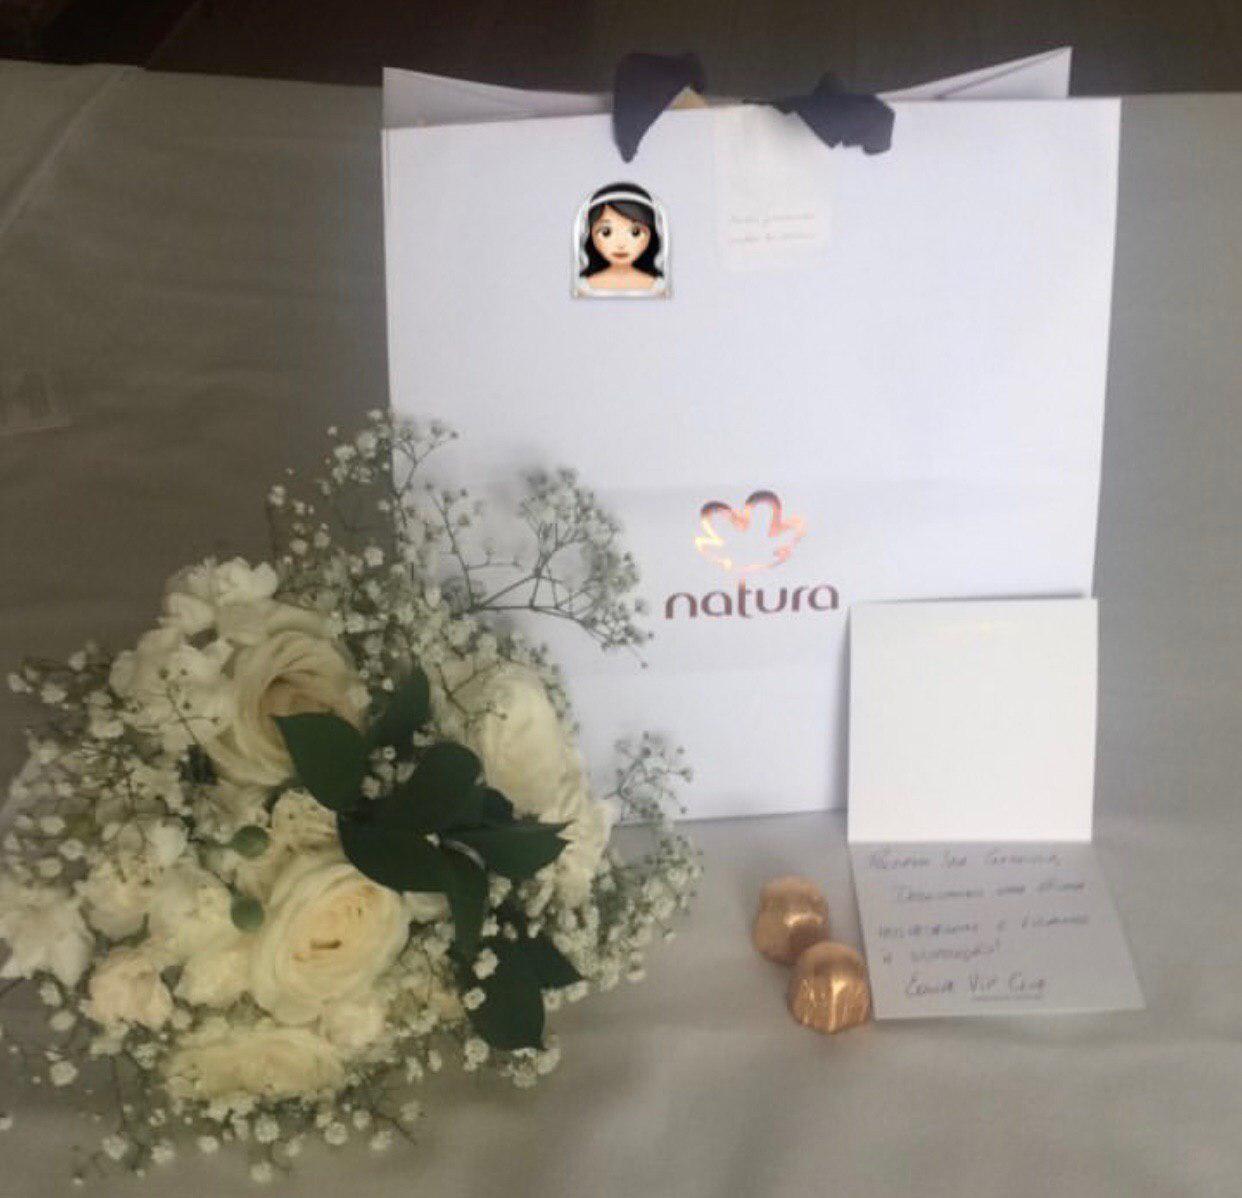 dia-da-noiva-lembrancas-da-gabi-blog2
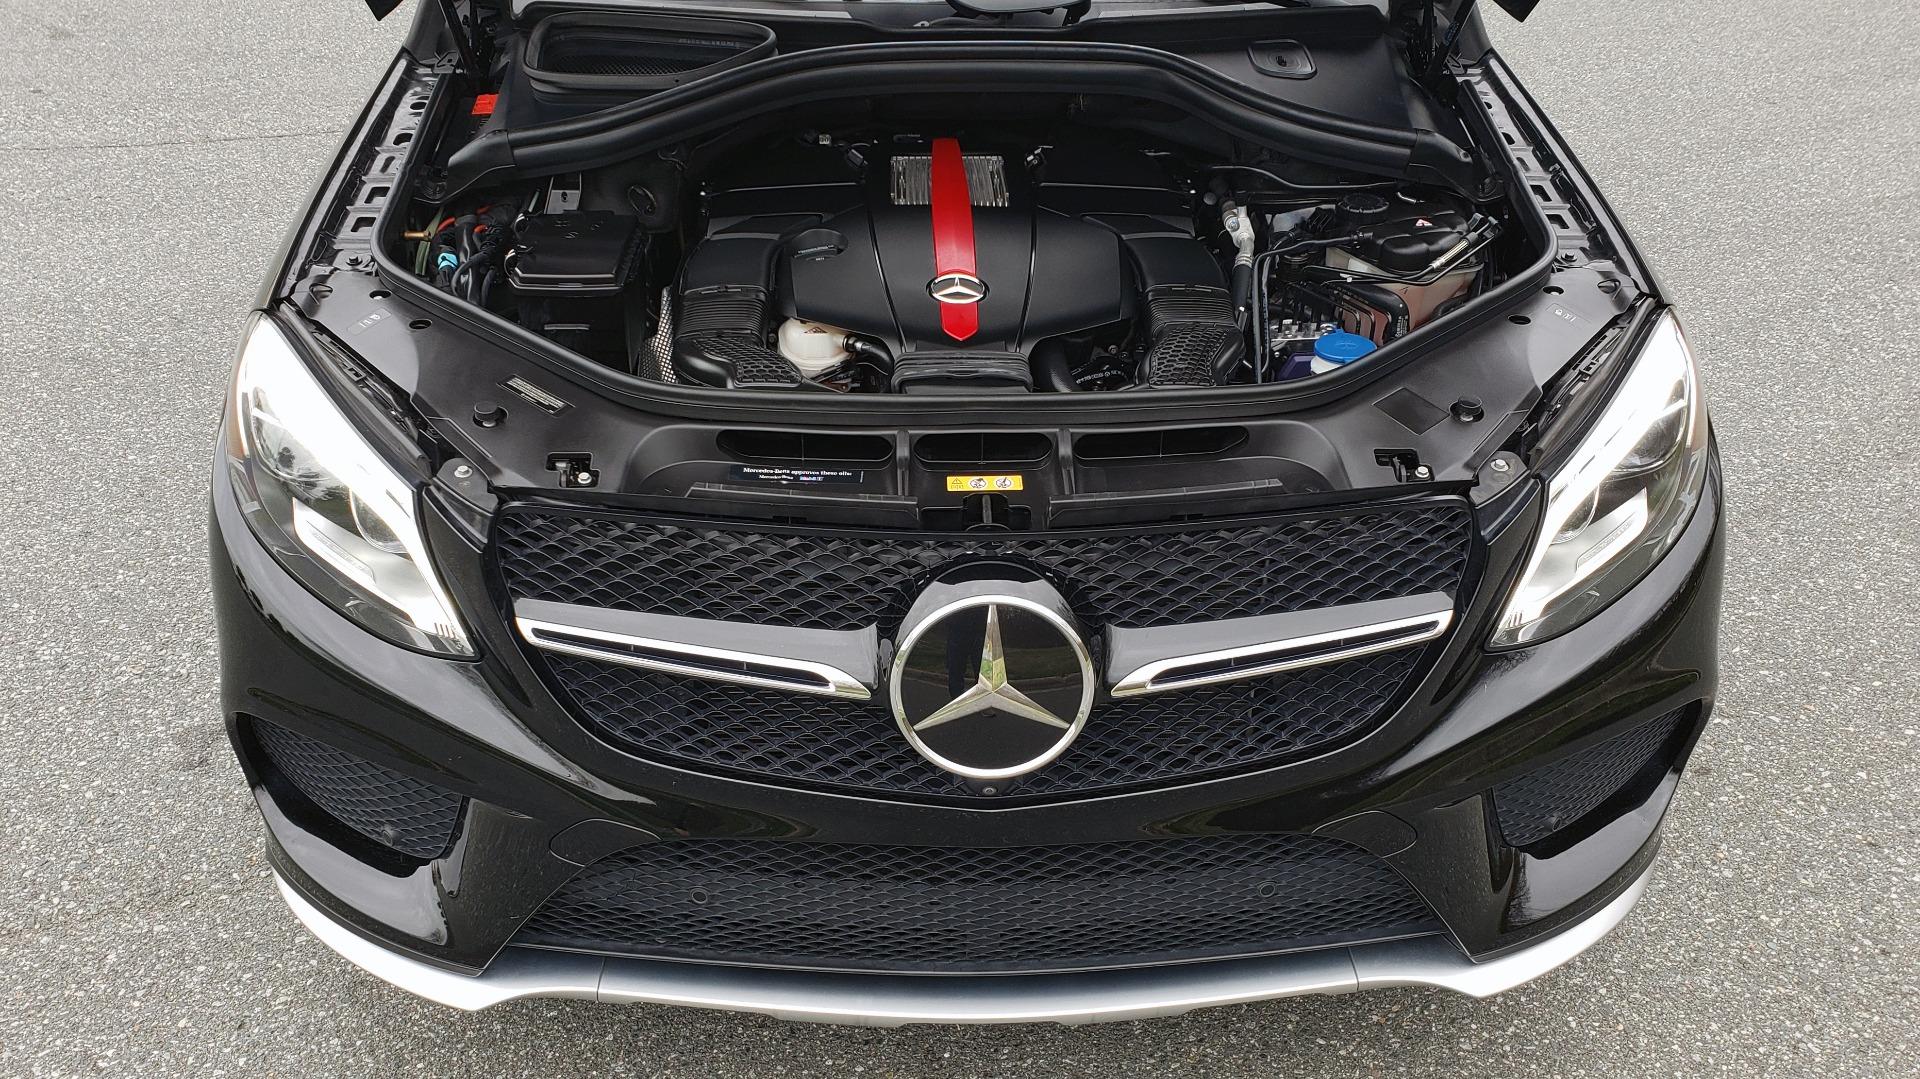 Used 2016 Mercedes-Benz GLE 450 AMG / AWD / PREM PKG / PARK ASST / DRVR ASST / SUNROOF for sale Sold at Formula Imports in Charlotte NC 28227 12
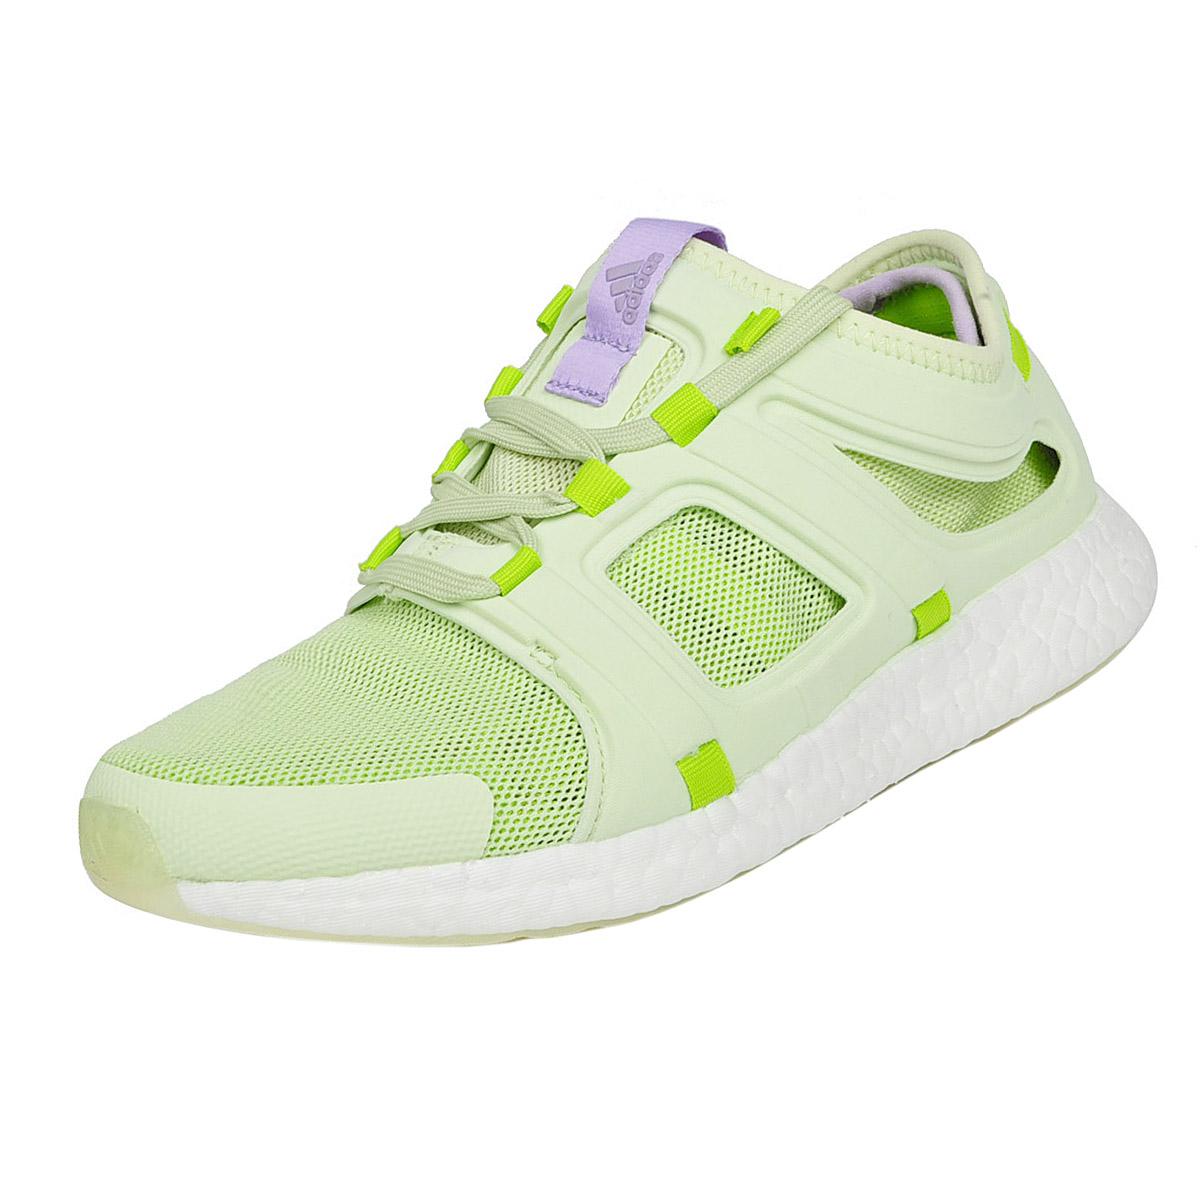 Nuevas Adidas CC ROCKET BOOST W S74469 Mujeres Zapatos Zapatillas zapatillas Venta
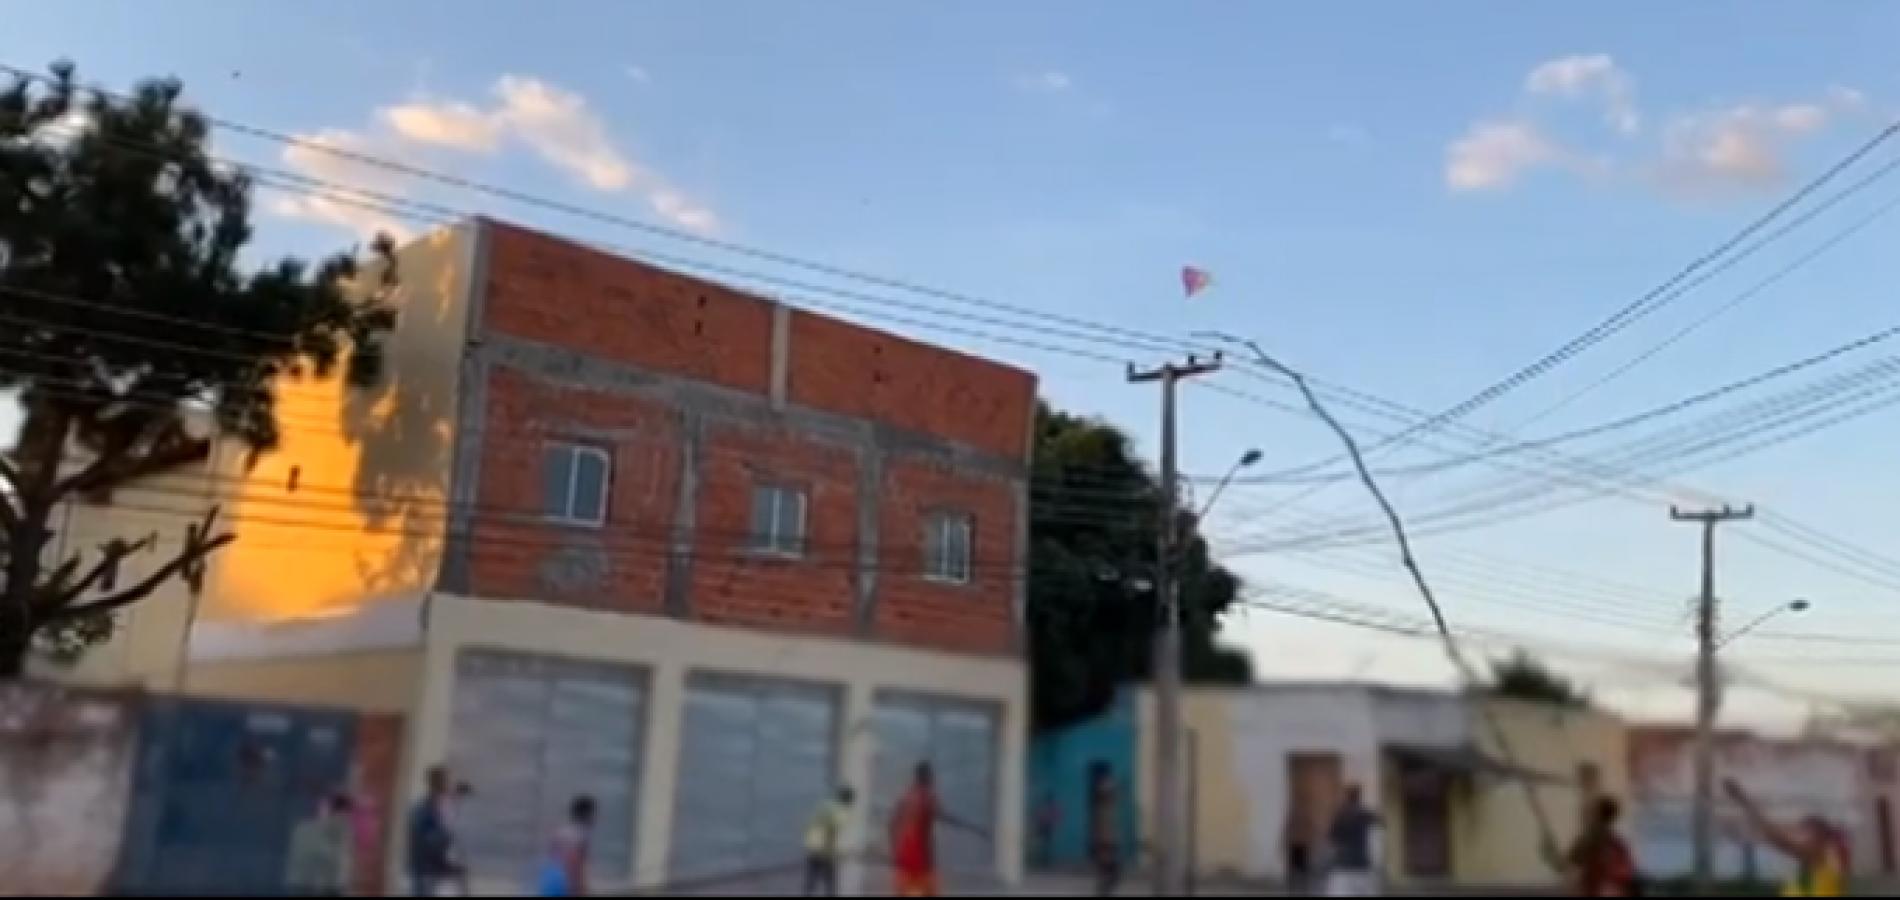 Adolescentes e adultos lotam rua para empinar pipa com risco de acidentes em município do Piauí

---*---

Your task:
Skipping any pictures, transcribe the full listing exactly.

Response below:
 dia-da-noiva-lembrancas-da-gabi-blog2
 Used 2016 Mercedes-Benz GLE 450 AMG / AWD / PREM PKG / PARK ASST / DRVR ASST / SUNROOF for sale Sold at Formula Imports in Charlotte NC 28227 12
 Nuevas Adidas CC ROCKET BOOST W S74469 Mujeres Zapatos Zapatillas zapatillas Venta
 Adolescentes e adultos lotam rua para empinar pipa com risco de acidentes em município do Piauí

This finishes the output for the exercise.